Navigation Law §181(4)(Third Party Defense):  In October 2003, the State enacted a revision to this liability scheme by provided an innocent landowner/third party defense in Navigation Law §181(4).  While the language is muddled, the new defense provides an innocent landowner defense under Navigation Law.  Subdivision 4 of Navigation Law §181 has been repealed and replaced with the following provision:
4. The only defenses that may be raised by a person responsible for discharge of petroleum are:  an act or omission caused solely by (1) war, sabotage, and governmental negligence or (ii) a third party other than a contractual relationship resulting from a loan, mortgage or conduit financing from the person responsible if the person responsible establishes by a preponderance of evidence that the person responsible (A) exercised due care with respect to the petroleum concerned, taking into consideration the characteristics of petroleum and in light of all relevant facts and circumstances; and (B) took precautions against the acts or omissions of any such third party and the consequences of those acts or omissions, these defenses shall not apply to a person responsible who refuses or fails to (A) report the discharge, or (B) provide a reasonable cooperation and assistance in cleanup and removal activities undertaken on behalf of the fund by the department.  In any case, where a person responsible for a discharge is established by a preponderance of the evidence that a discharge and the resulting cleanup and removal costs were caused solely by an act or omission of one or more third parties as described above, the third party or parties shall be treated as the person or persons responsible for the purposes of determining liability under this article.

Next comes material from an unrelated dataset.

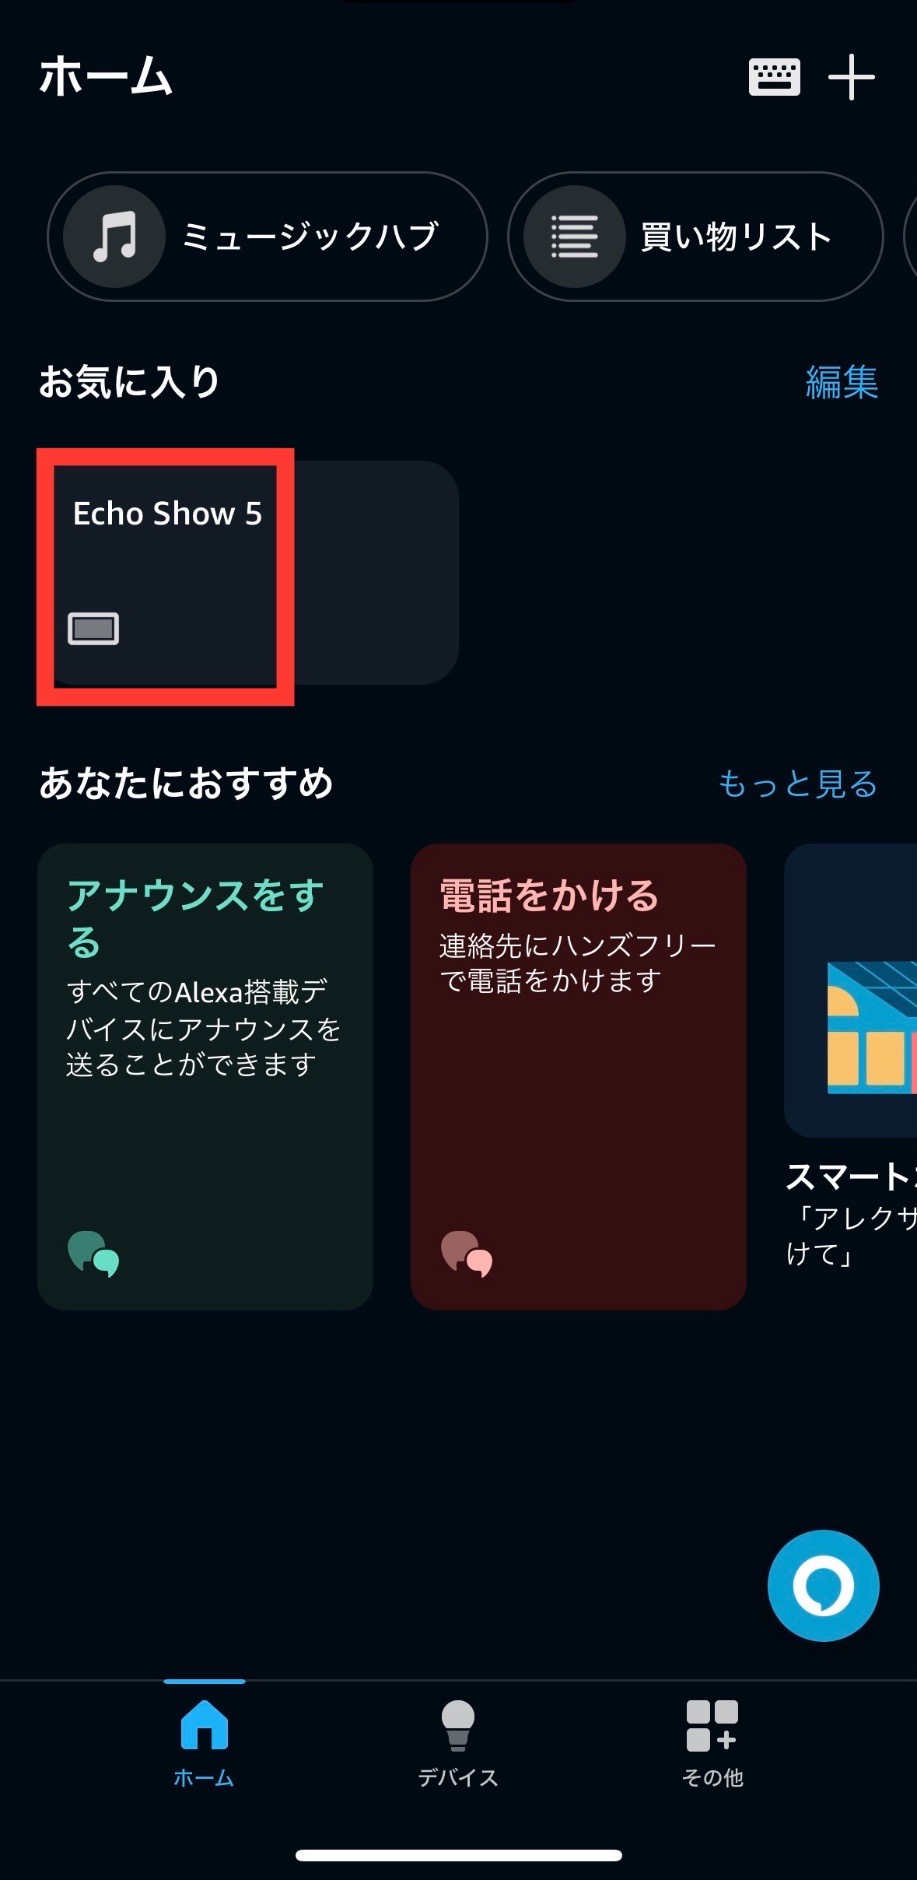 EchoShowを選択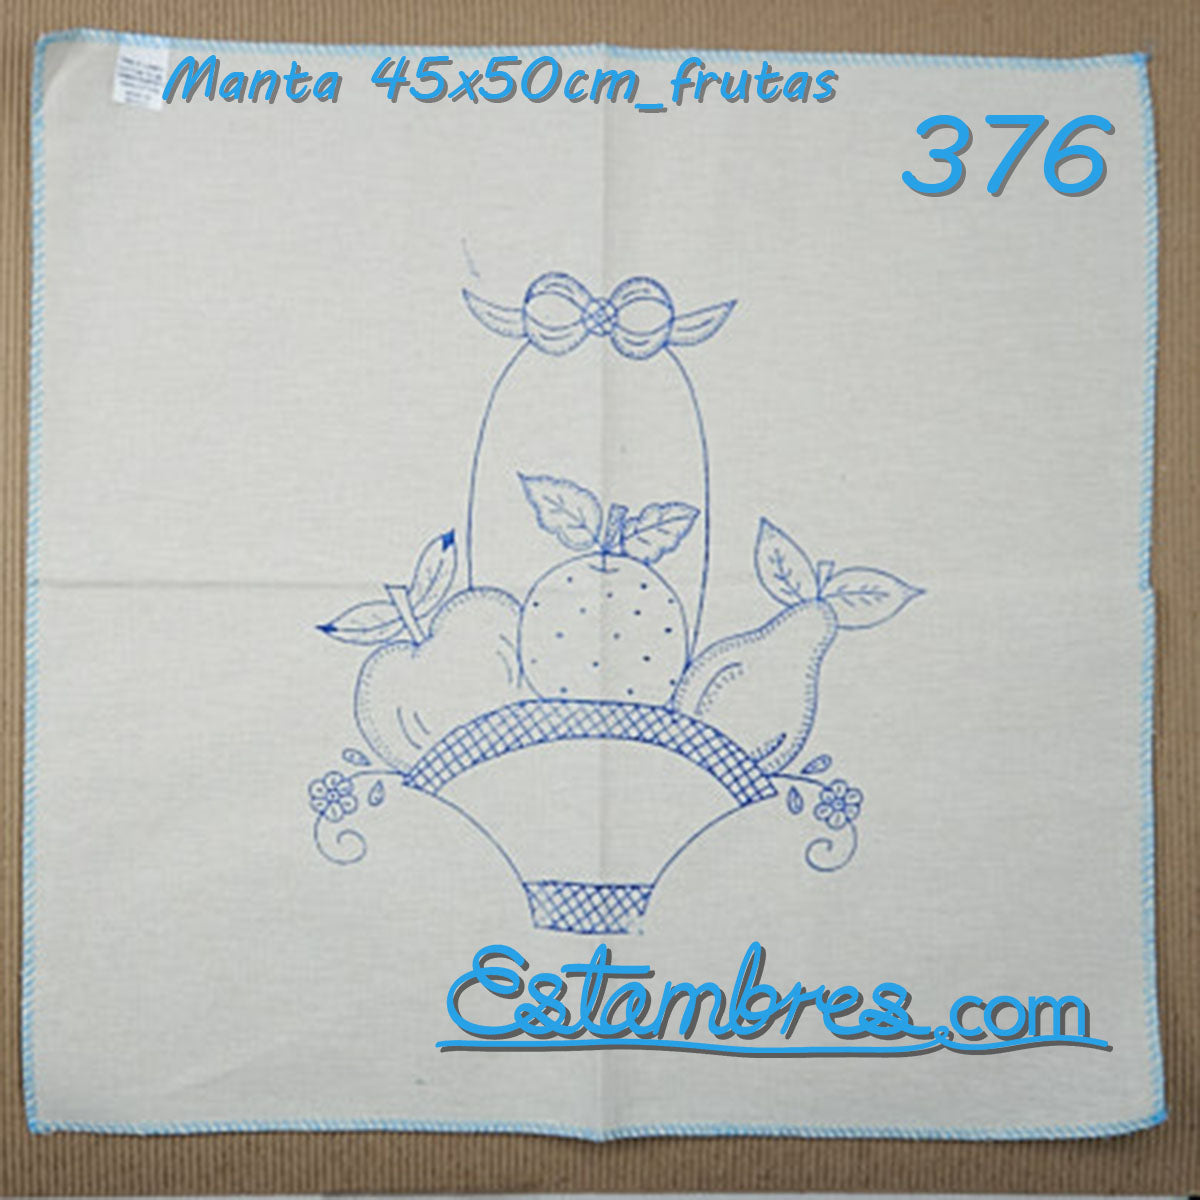 FRUTAS - Manta [45x50cm]

While this appears to be a bit of mixed mumbo jumbo, the clear intent of the legislation was to try to create a “CERCLA-like” innocent landowner defense under the Navigation Law.  Frankly, until statutory amendments are made to the third-party defense making it clear what its provisions are intended to do, the full intent and meaning of the provision actually will not be known.  The comptroller office counsel and DEC’s Oil Spills Program counsel had promised to “weigh in” on this issue, although we have not heard anything to date.  As of today, our discussions with regional spill staff indicate that they have received no policy directives in this regard.  However, as originally drafted, we have concluded that the third-party defense added to the Navigation Law statute is intended to protect innocent landowners (particularly the sentence outlined in bold above) from liability.

Exemplar Cases:

Landowners:  Any owner, without regard to fault, who owns the property at the time of discharge, is strictly liable under the Navigation Law if (1) the landowners could have reasonably “expected” petroleum was being used at the property; and (2) the landowner was “ . . . in a position to control the site and source of the discharge (‘the ability to control potential sources of contamination’).”  State v. Green, 96 N.Y.2d 403, 729 N.Y.S.2d 420 (2001)(owner of mobile home park liable for kerosene spill when 275-gallon tank, owned by mobile home park tenant fell and discharged kerosene onto the ground).  Owners of property at time the discharge was discovered are liable under Navigation Law.  Popolozio v. City of Schenectady, 269 A.D.2d 670, 701 N.Y.S2d 755 (3d Dept. 2000).  Landowner held liable for petroleum contamination caused by service station operator who was leasing the property.  Roosa v. Campbell, 737 N.Y.S.2d 461 (4th Dept. 2002); and White v. Regan, 171 A.D.2d 575 N.Y.S.2d 375, lv. denied, 79 N.Y.2d 754 (1982).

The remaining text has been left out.